- [WORK TO BE COMPLETED]:
Nothing except the pictures should be left out when you reproduce the listing exactly.

- [DATA]:
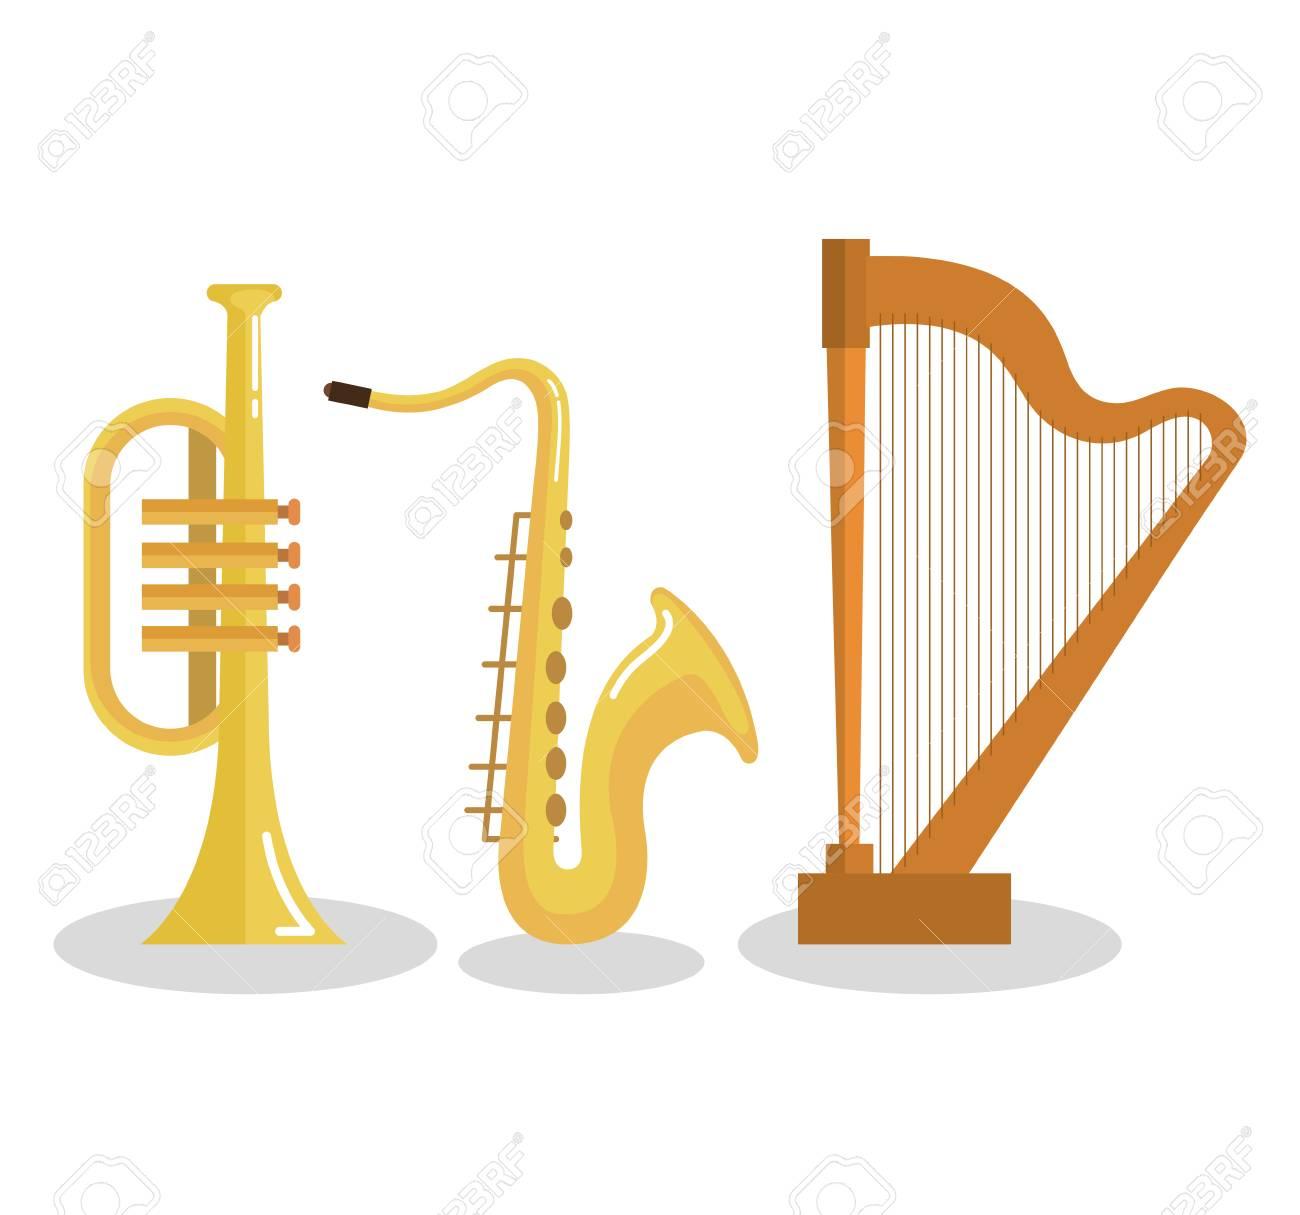 Set Of Musical Instruments Event Symbols Vector Illustration Royalty
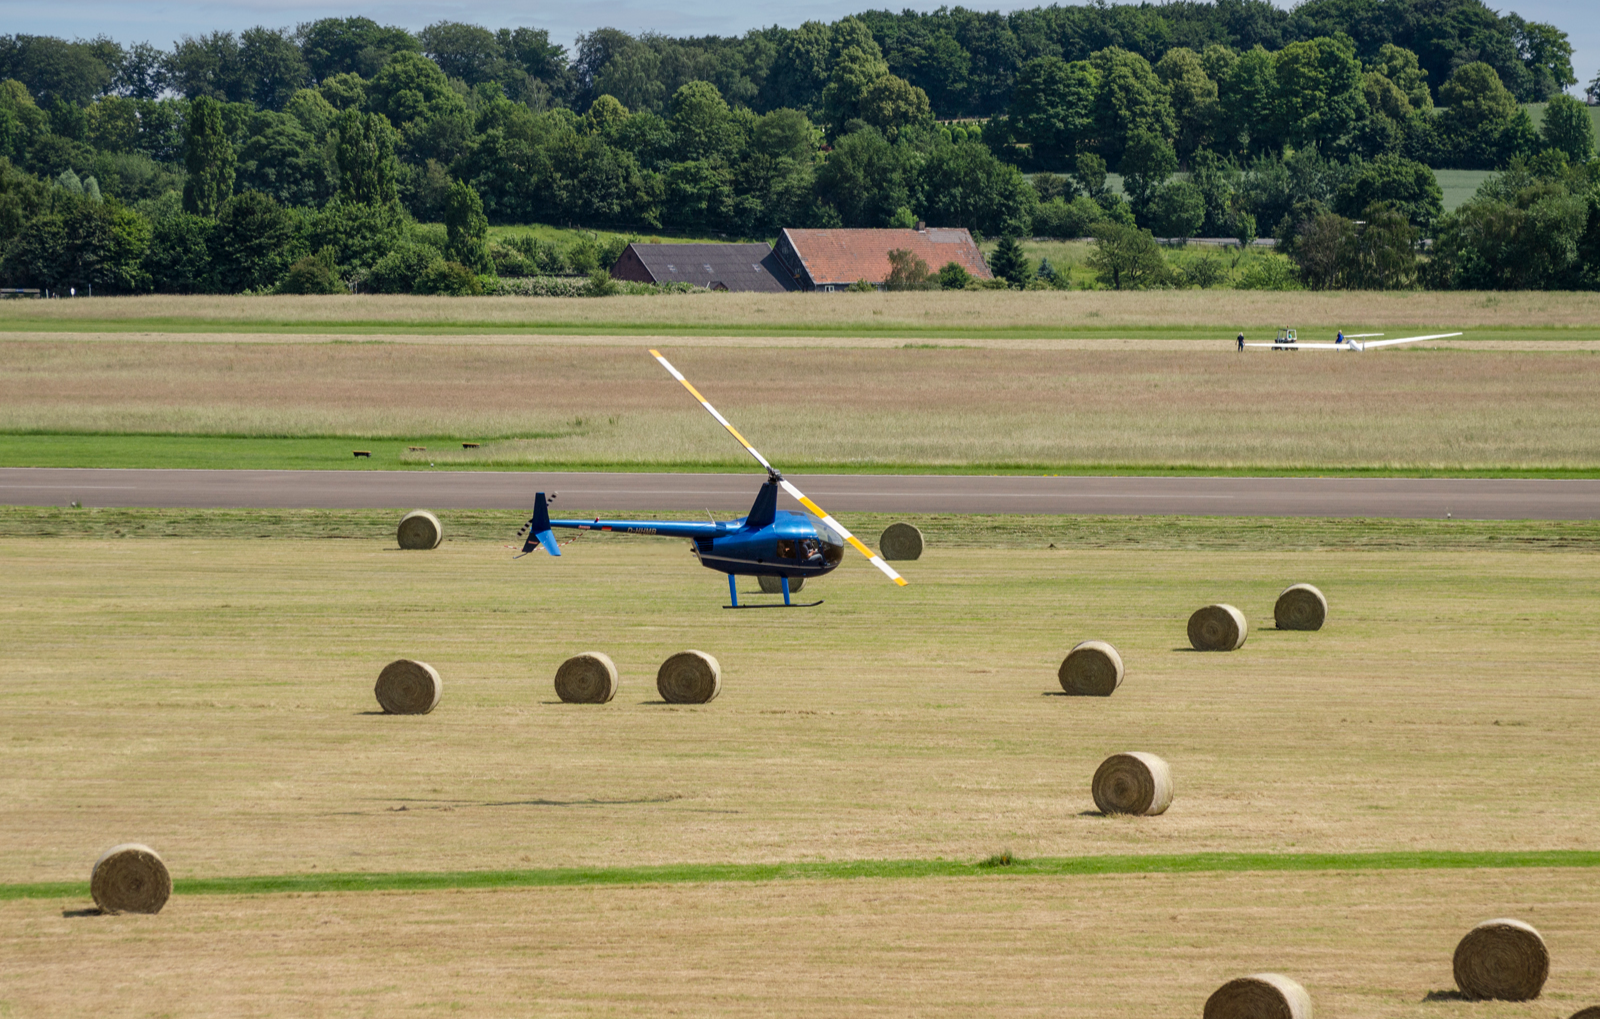 hubschrauber-fliegen-grosspoesna-bg3
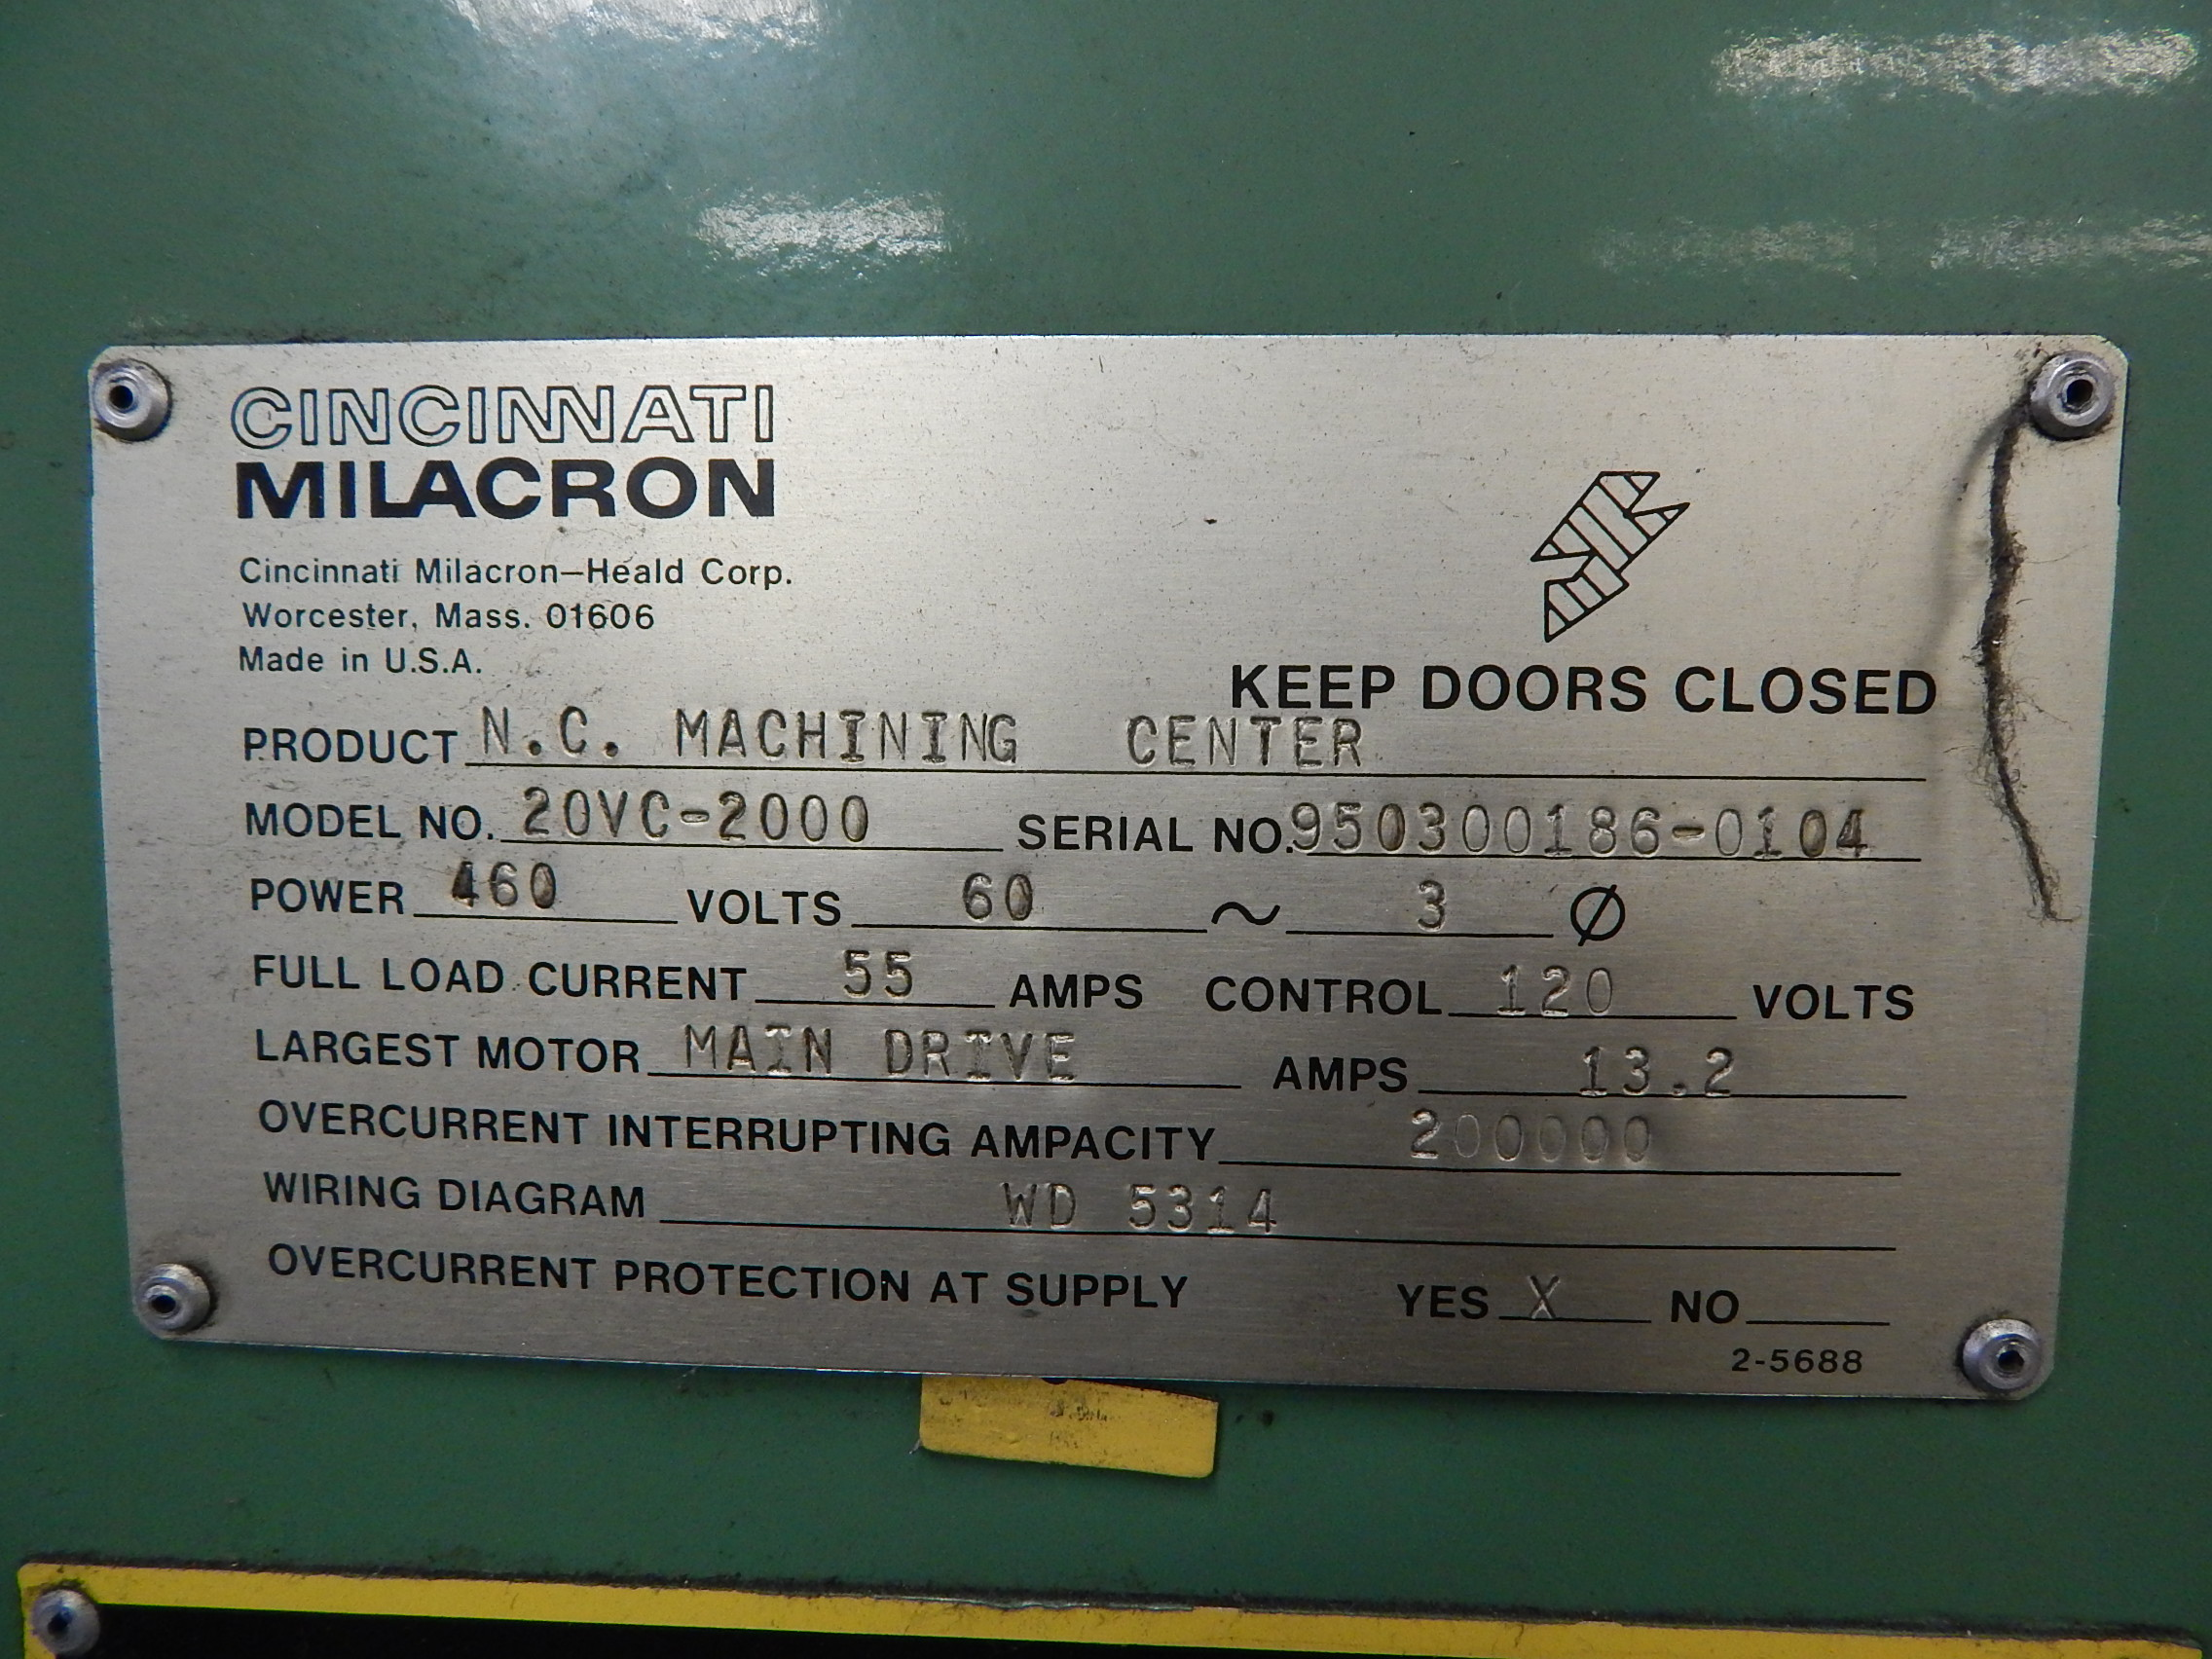 cincinnati milacron model 20vc 2000 cnc vertical machining center s lot 242 cincinnati milacron model 20vc 2000 cnc vertical machining center s

- [RESULT FOR THIS EXERCISE]:
 Set Of Musical Instruments Event Symbols Vector Illustration Royalty
 hubschrauber-fliegen-grosspoesna-bg3
 cincinnati milacron model 20vc 2000 cnc vertical machining center s lot 242 cincinnati milacron model 20vc 2000 cnc vertical machining center s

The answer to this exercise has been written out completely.